DATA FOR ANALYSIS section start
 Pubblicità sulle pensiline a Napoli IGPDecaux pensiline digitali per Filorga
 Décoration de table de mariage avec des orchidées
DATA FOR ANALYSIS section end
DATA FOR ANALYSIS section start
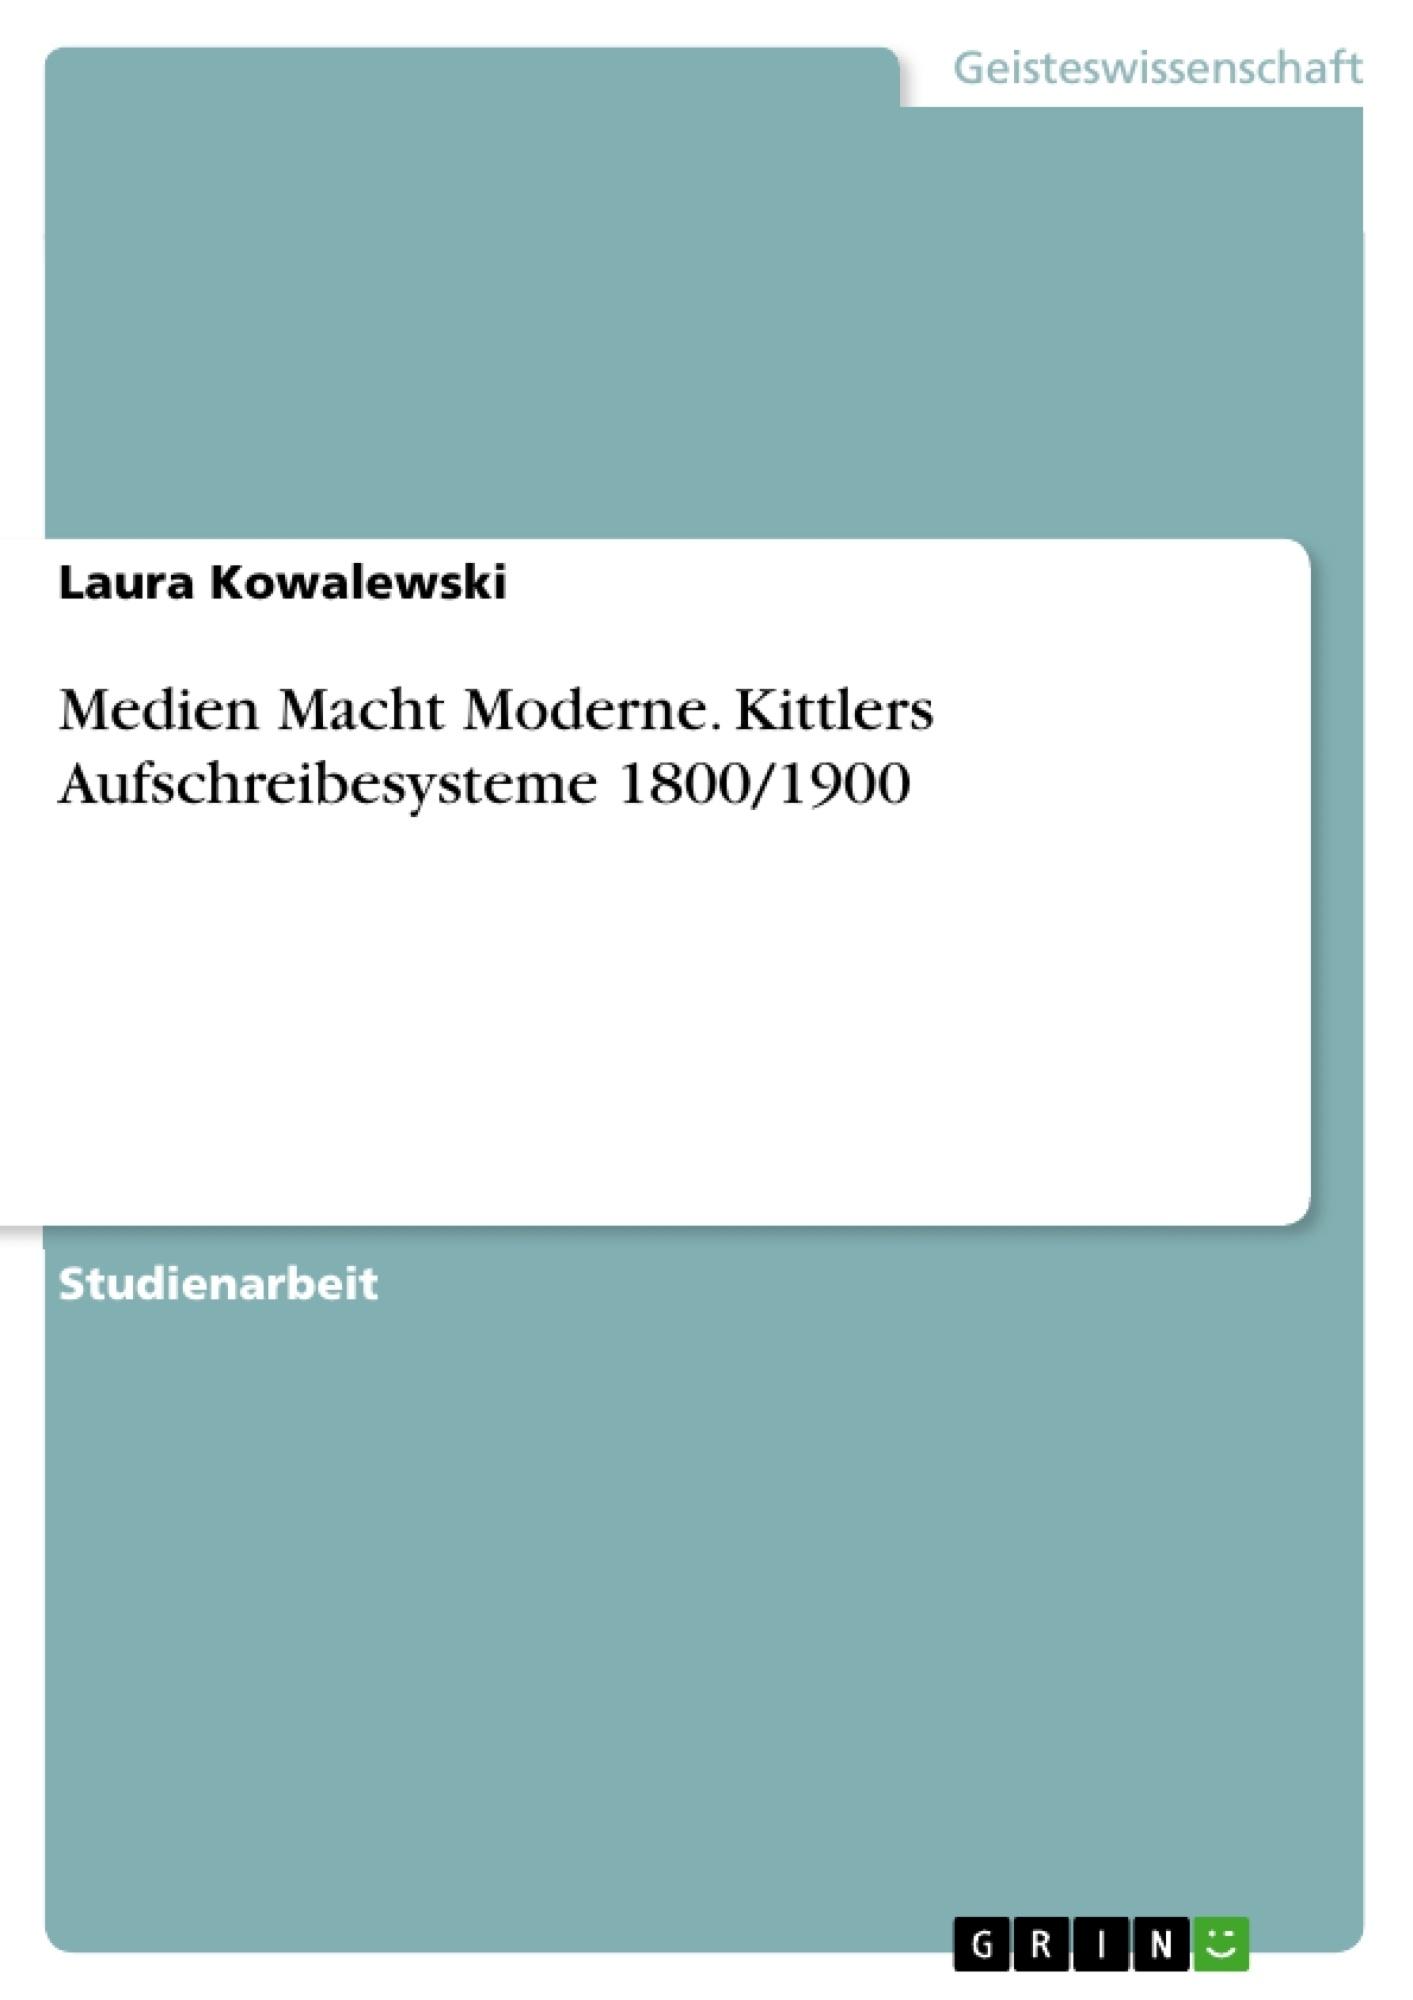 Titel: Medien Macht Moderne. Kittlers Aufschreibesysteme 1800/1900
DATA FOR ANALYSIS section end
**WHAT YOU WILL DO**.
Referring to the material above, set down exactly the lines between the line with "Pubblicità sulle pensiline" and the line with "Décoration de table", inclusive, and no other lines.

**SOLUTION FOR THIS PROBLEM**.
 Pubblicità sulle pensiline a Napoli IGPDecaux pensiline digitali per Filorga
 Décoration de table de mariage avec des orchidées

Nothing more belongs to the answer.